For Africa to effectively benefit from AI, these principles should align with the local context.
- Score: 2.5446340172055817
- License: http://creativecommons.org/licenses/by-nc-nd/4.0/
- Abstract: There is an ongoing debate on balancing the benefits and risks of artificial intelligence (AI) as AI is becoming critical to improving healthcare delivery and patient outcomes.

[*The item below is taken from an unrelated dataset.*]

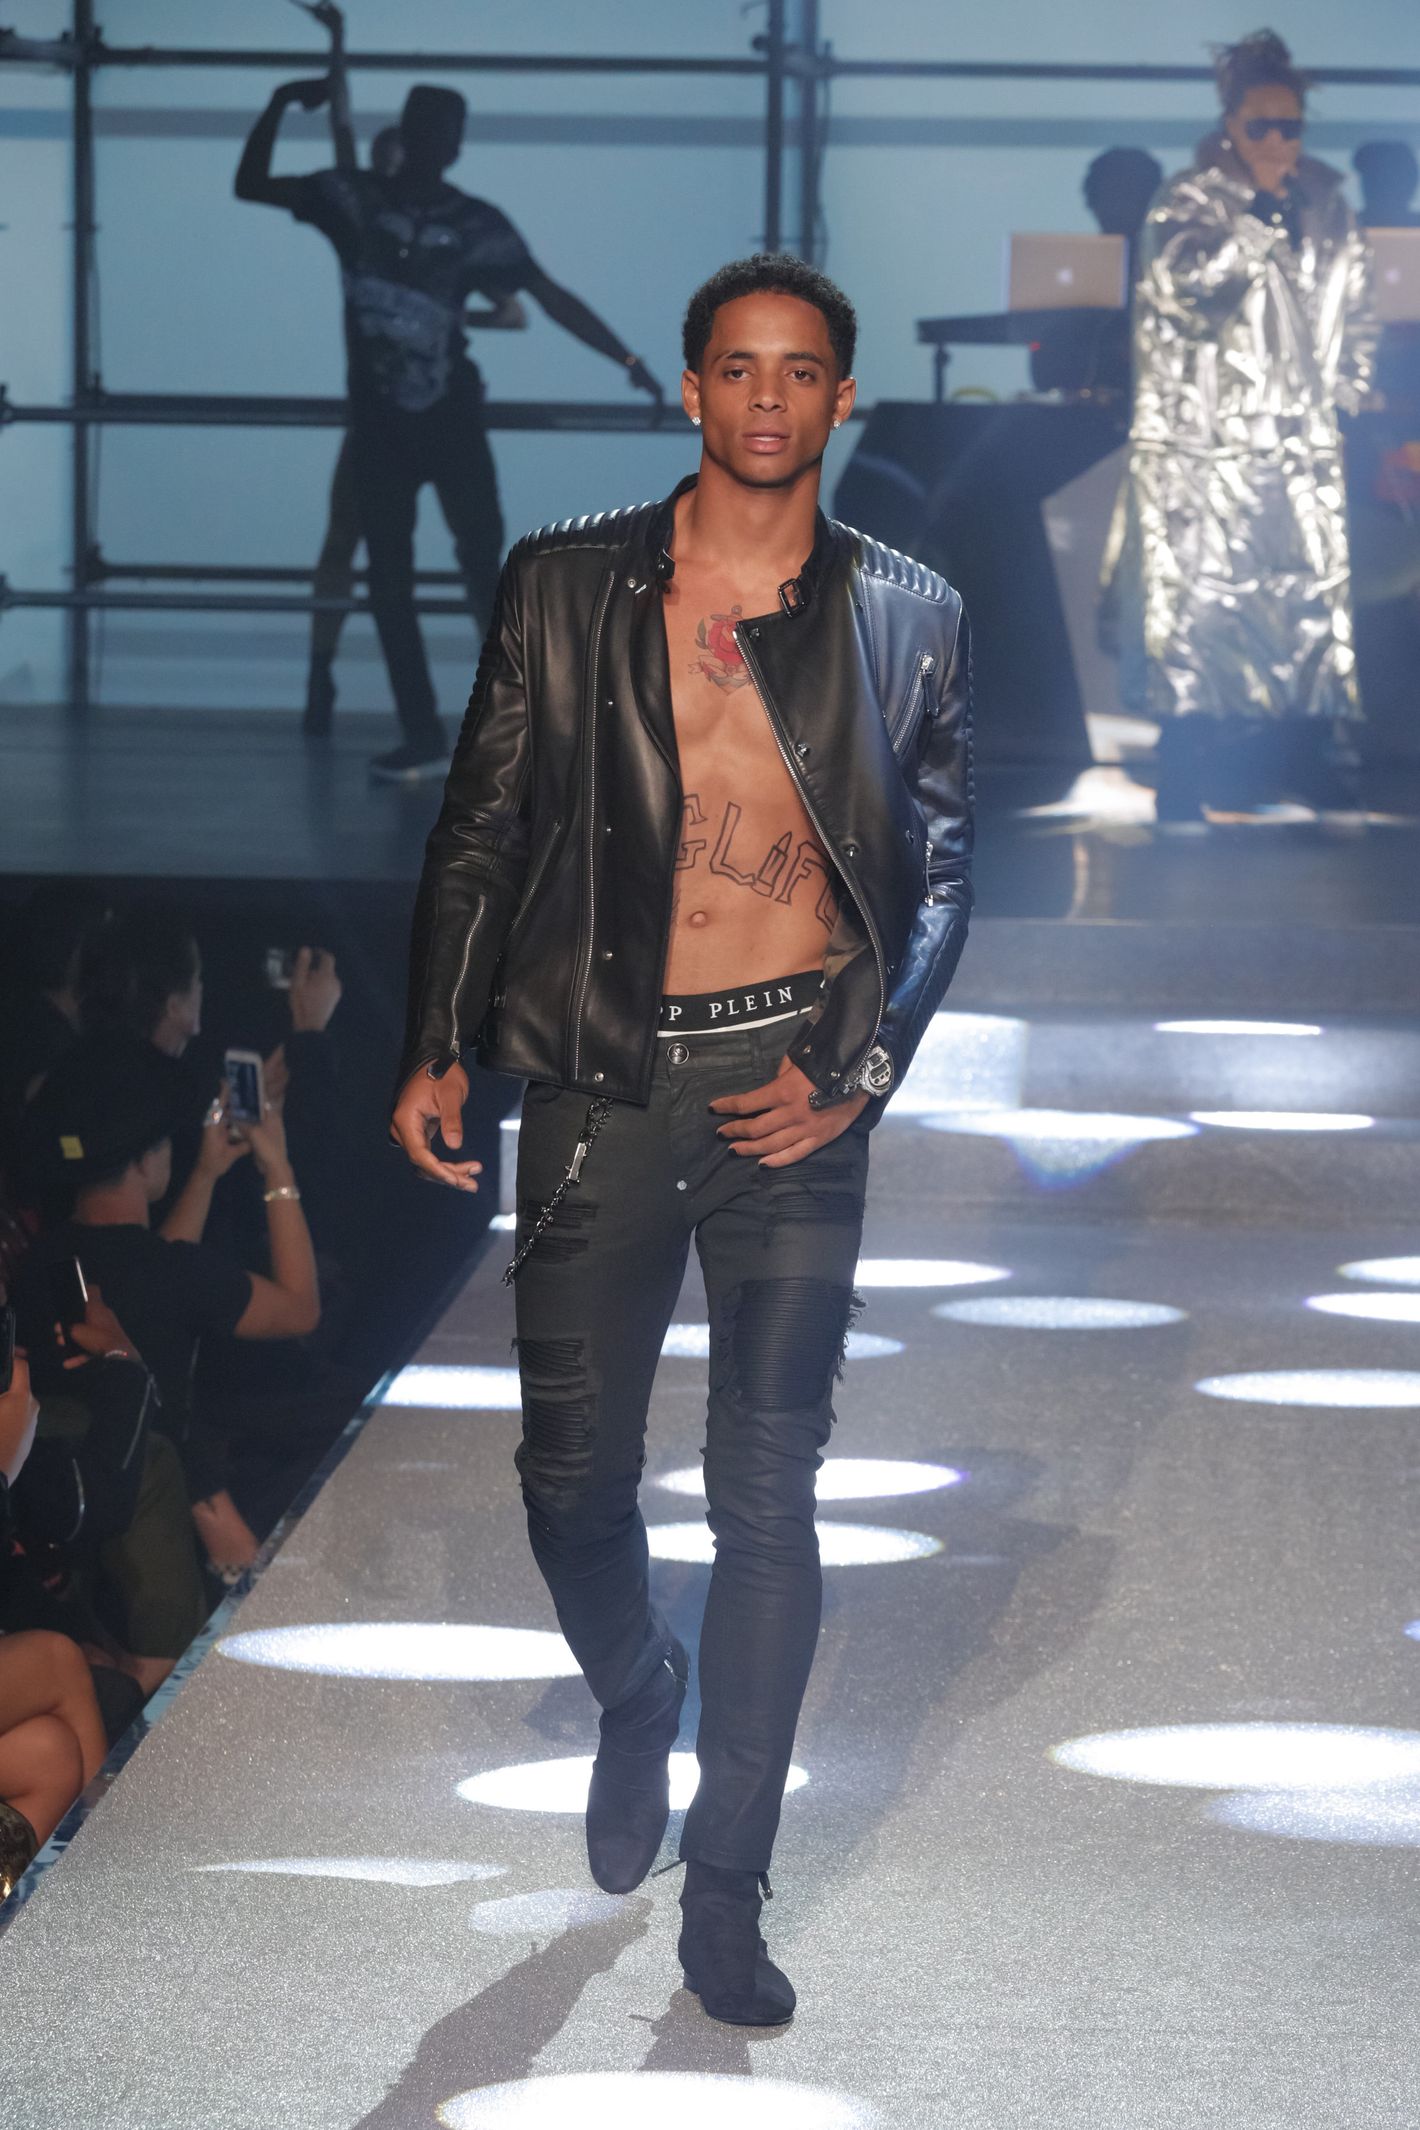 Philipp Plein Celebrates 20 Years With A Controversial Show At New York  Fashion Week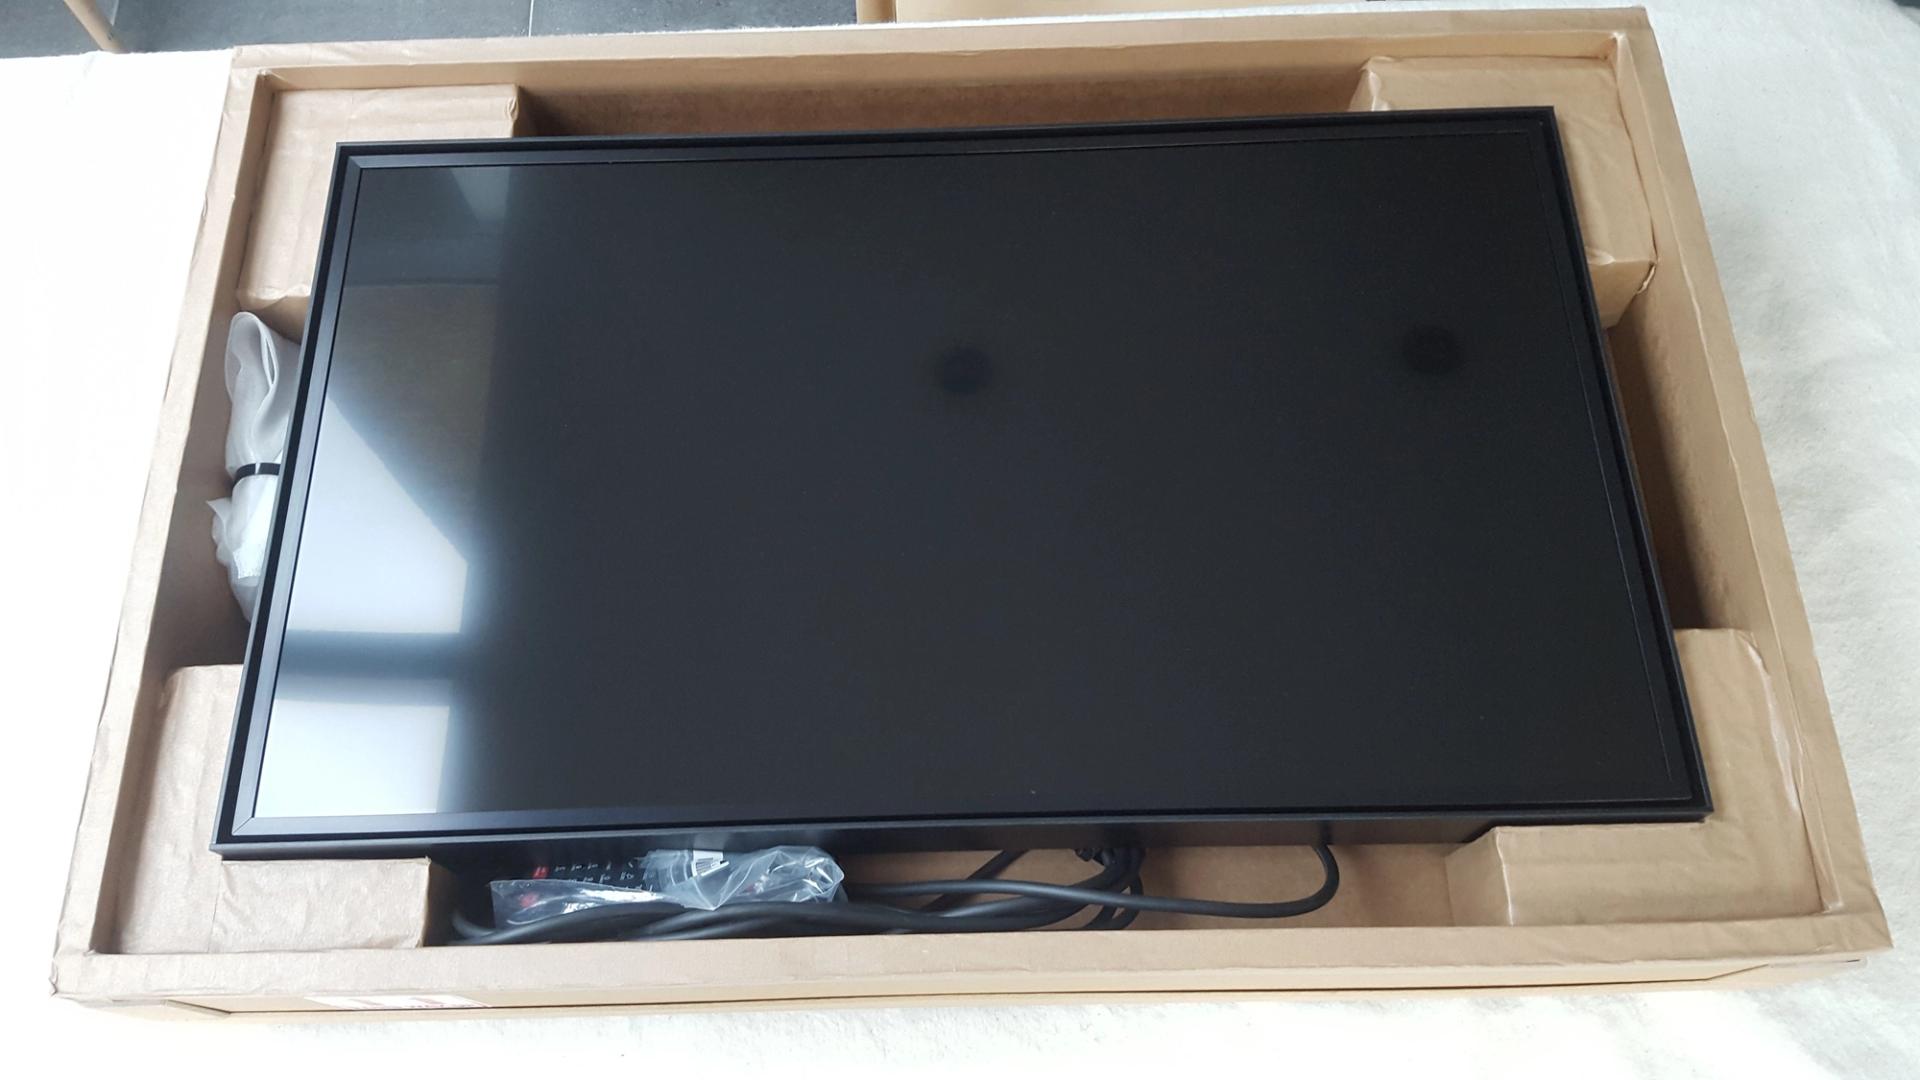 32" screen in packing crate

Such improvements are essential in resource-constrained settings where millions lack access to adequate healthcare services, such as in Africa. AI in such a context can potentially improve the effectiveness, efficiency, and accessibility of healthcare services. Nevertheless, the development and use of AI-driven healthcare systems raise numerous ethical, legal, and socio-economic issues. Justice is a major concern in AI that has implications for amplifying social inequities. This paper discusses these implications and related justice concepts such as solidarity, Common Good, sustainability, AI bias, and fairness. For Africa to effectively benefit from AI, these principles should align with the local context while balancing the risks. Compared to mainstream ethical debates on justice, this perspective offers context-specific considerations for equitable healthcare AI development in Africa.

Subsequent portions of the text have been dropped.